As part of his General Theory of Relativity, Albert Einstein predicted that the acceleration of any object with mass—anything from humans to supernovas to merging supermassive black holes—would physically shake the fabric of spacetime and create gravitational waves. Despite his prediction, Einstein readily admitted that these waves might be too faint to ever detect.

Pro tip: never tell an astronautical engineer something is impossible.

In mid-September of 2015, the Laser Interferometer Gravitational-Wave Observatory (LIGO) detected the first gravitational waves ever using two ground facilities—one in Hanford, Washington, and the other in Livingston, Louisiana—1,865 miles apart. Some 90 or so gravitational waves have been detected since then, and researchers have confirmed that the universe is full of these relatively common gravitational occurrences.



While LIGO is great at detecting certain kinds of gravitational waves, the distance of its detector puts a maximum limit on which waves LIGO can detect. LIGO works by sending out a laser pulse that is split into two arms, reflected off mirrors, and sent back to the middle. There, if there’s no gravitational wave, the beams cancel each other out.

But if a gravitational wave passes through (remember, these things affect spacetime itself), it literally changes the length of the arms. As a result, the laser beams take different amounts of time to complete their reflective journey, and don’t completely cancel each other out when they meet back in the middle, and ping! LIGO has spotted another gravitational wave.

To Einstein’s point, however, these waves are incredibly faint. The ones being detected by LIGO are already the strongest of the bunch, and even they are hard to pick up with a detector of this scale. But what if detectors could be 1.6 million miles apart, rather than just a couple thousand like LIGO?

That’s the idea behind the European Space Agency’s Laser Interferometer Space Antenna (LISA) project.
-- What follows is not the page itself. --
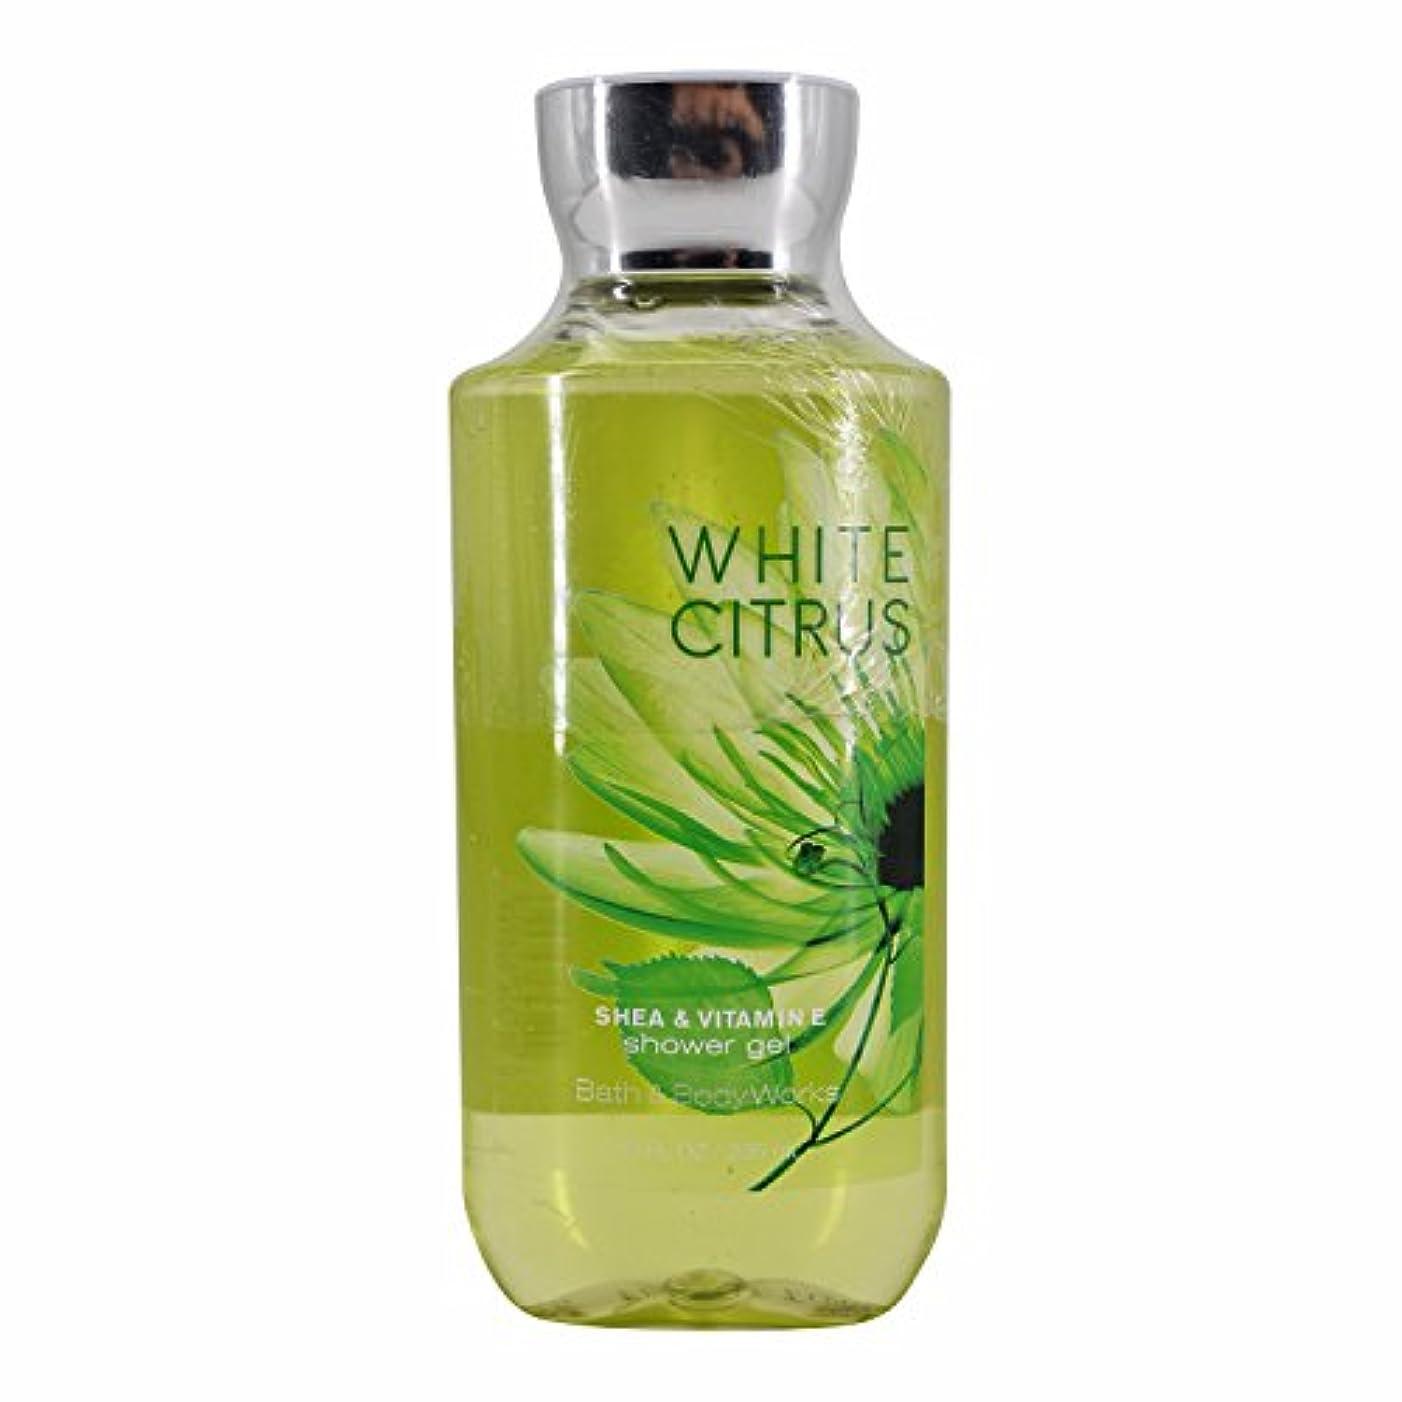 海峡バーベキュー機械的にバス&ボディワークス ホワイトシトラス シャワージェル White Citrus Shea & Vitamin-E Shower Gel
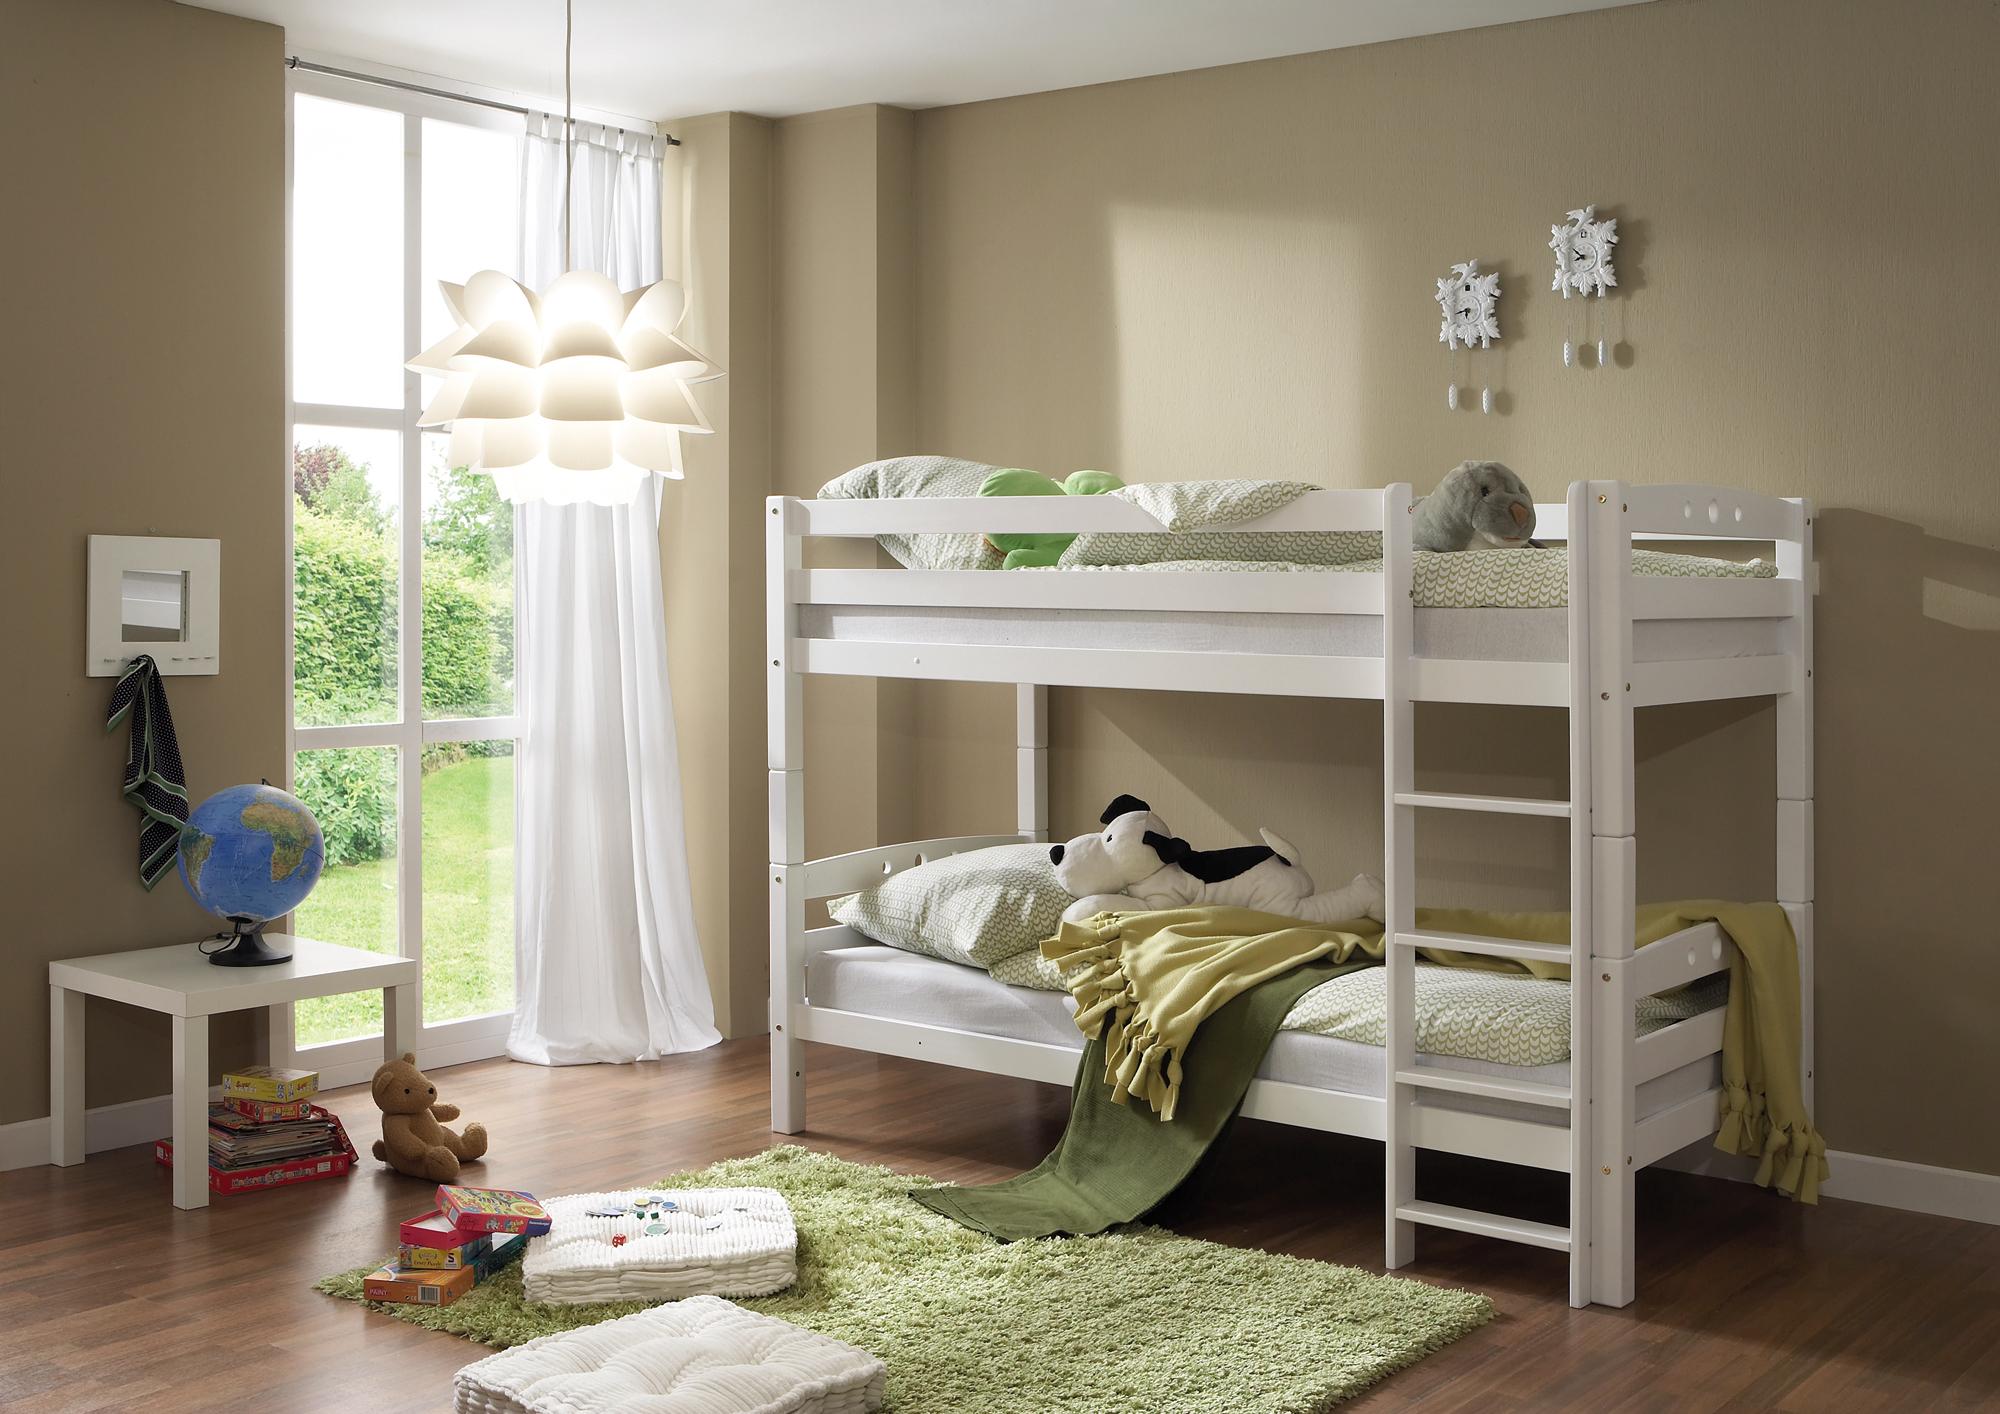 Etagenbett Weiss Buche Massiv : Bettkasten für etagenbett lukas buche vollholz massiv weiß

First selected as a large-class mission back in 2017, the project was officially adopted as of last week, giving the go-ahead to start building instrumentation and spacecraft.

“To expand the frontier of gravitational studies we must go to space,“ LISA lead project scientist Nora Lützgendorf said in an ESA press release. “Thanks to the huge distance traveled by the laser signals on LISA, and the superb stability of its instrumentation, we will probe gravitational waves of lower frequencies than is possible on Earth, uncovering events of a different scale, all the way back to the dawn of time.”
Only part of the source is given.